I sincerely think the answer is in her own question: “When I ask people why they’re in InWorldz, they point to the community, to the people, the support they get from the Founders, the welcoming atmosphere.” As we stated at our conference, the single biggest thing we realize is the absolute symbiosis of what we do. From the way we work with our partner at CARI.net, to working with our mentors, to our residents, it’s all a “trickle down” effect. Yes, we are known for our community. We have worked hard to build that community, and it goes through changes as do our residents. But without our residents, we have no company. Without our company we have no partnership. Without our partnership we’d not be able to focus so heavily on technology and hardware to drive the grid, and without the grid, we’d have no residents.

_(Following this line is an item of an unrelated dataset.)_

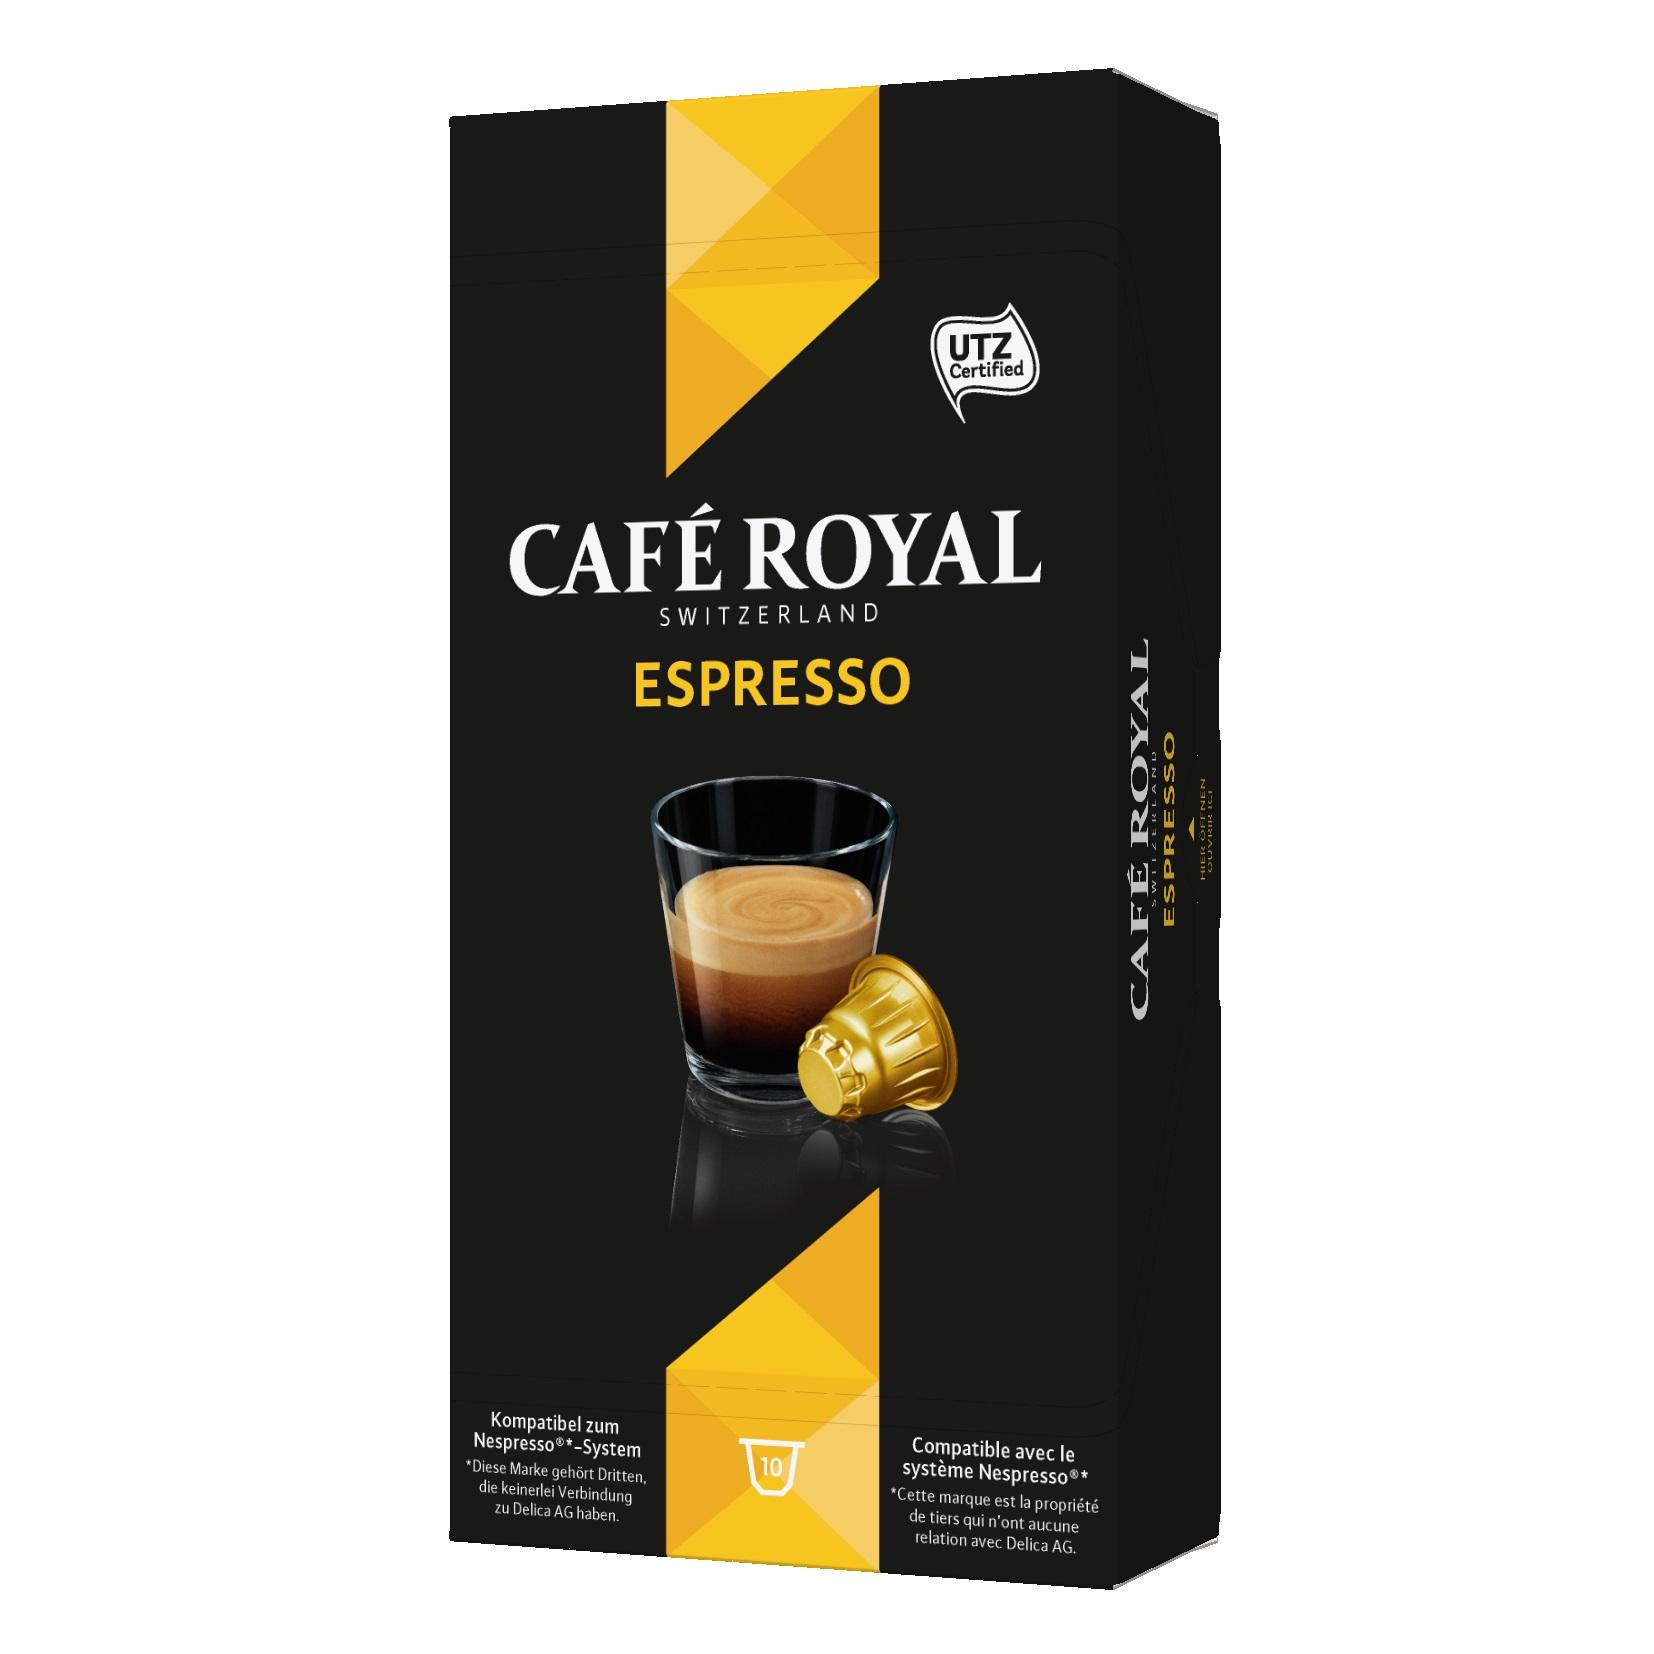 Cafe Royal Nespresso
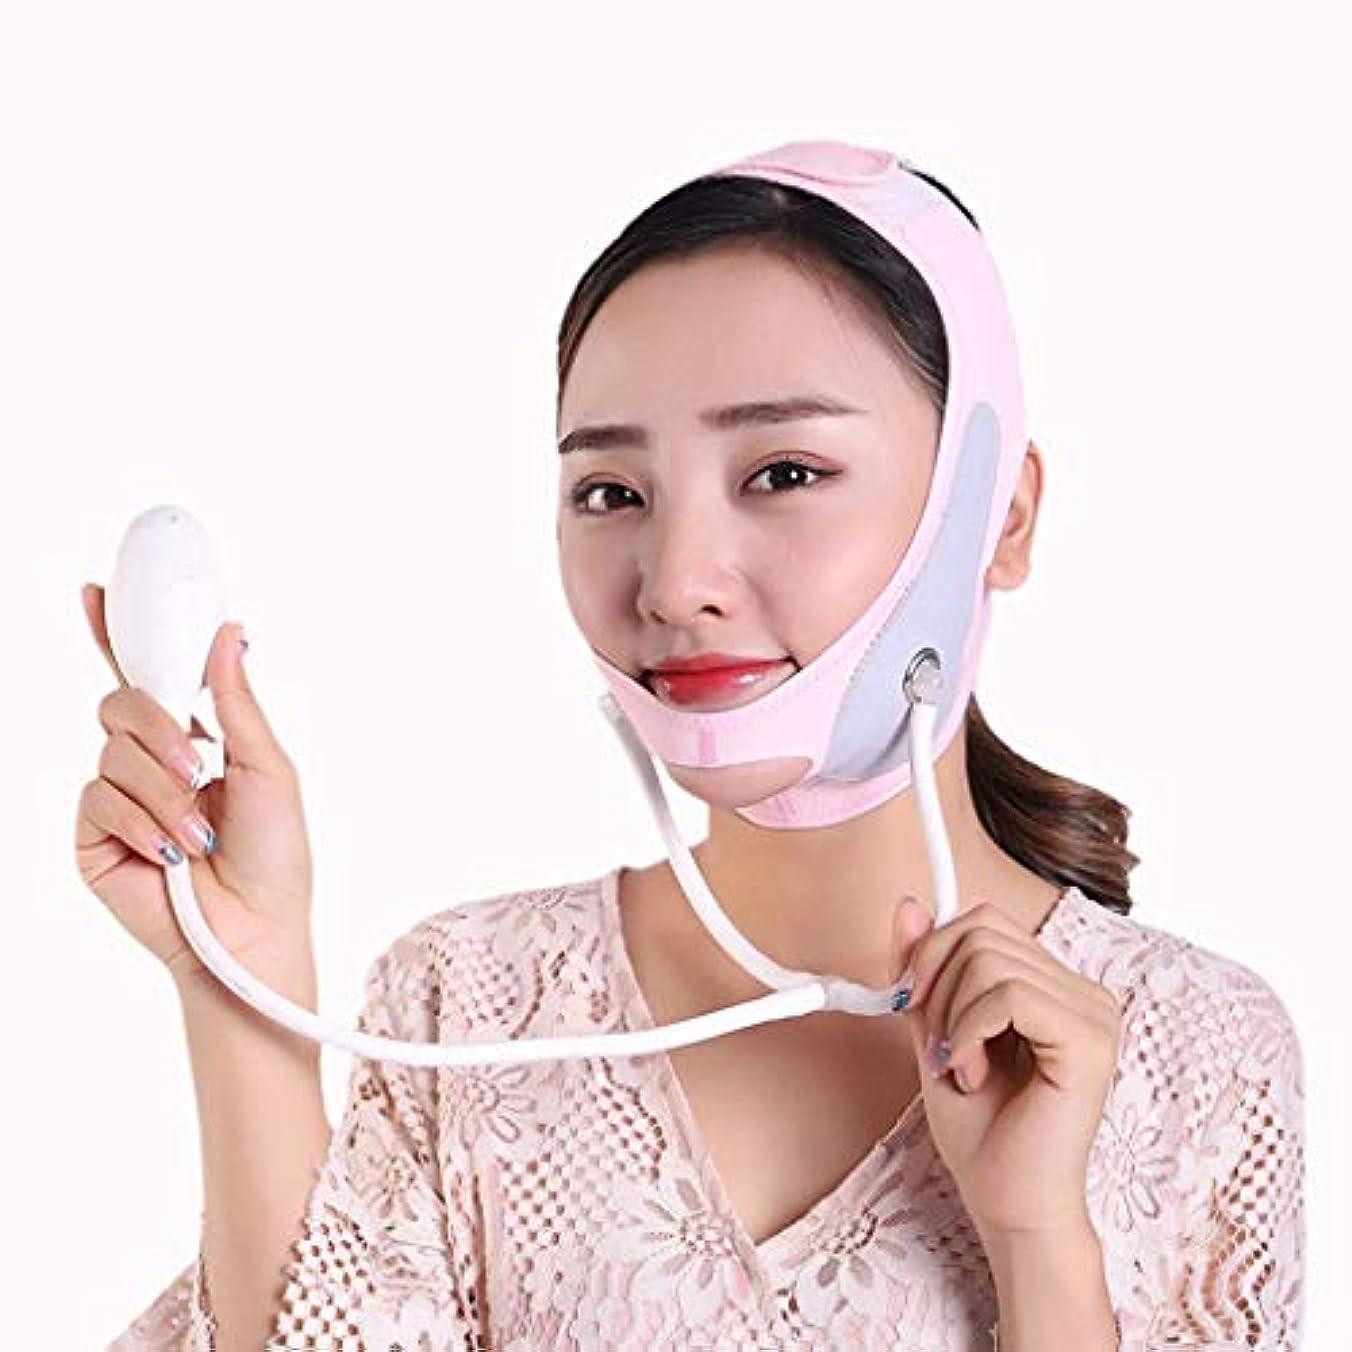 カラス香水下位インフレータブルフェイスリフティングマスク、リフティング&タイトニング、フェイスリフティング包帯、ダブルチン、シンフェイスバンド(サイズ:M),L

That in and of itself is our best feature. Our residents want to feel they are part of something bigger than themselves. They want to feel they make a difference, no matter how small it may be. They want to feel they are being heard, and that most of all (unlike other companies we all deal with day to day), they can speak up and help drive a vision of where this technology can go. We do not answer to a blind board of investors because our residents ARE our investors. Therefore, we can afford to listen to them, and go down the path they lay out for us with what they want. To date, this seems to be working. Will it always? Maria stated that a company has to anticipate what their customers want. I’ll state it a bit differently: a company has to listen to what their customers want, and anticipate changes their customers may not see.

So what do people get from InWorldz they don’t get elsewhere? We can sum that up in one word we hear daily: Home. That’s how they feel, that they are home. Does that mean it works for everyone? No. But for the market we’re aiming for at this moment, home means everything. Home means friends, family, community, but most of all, it’s comforting.

Providing that home for them, has presented us with many challenges along the way. Challenges we’ve met and dealt with. Challenges that forced us to abandon the scaling up architecture and scale out. Challenges that other grid owners will face as well. How they choose to deal with those challenges, is completely up to them, however, our doors are always open to talk to or advise within certain constraints.

I do wish to thank Maria for talking with us in private and allowing this to be posted. We sincerely feel she did not mean any harm in her article and had some very valid questions in there. Hopefully, this blog will answer a few of those, and explain our reasoning for proprietary code.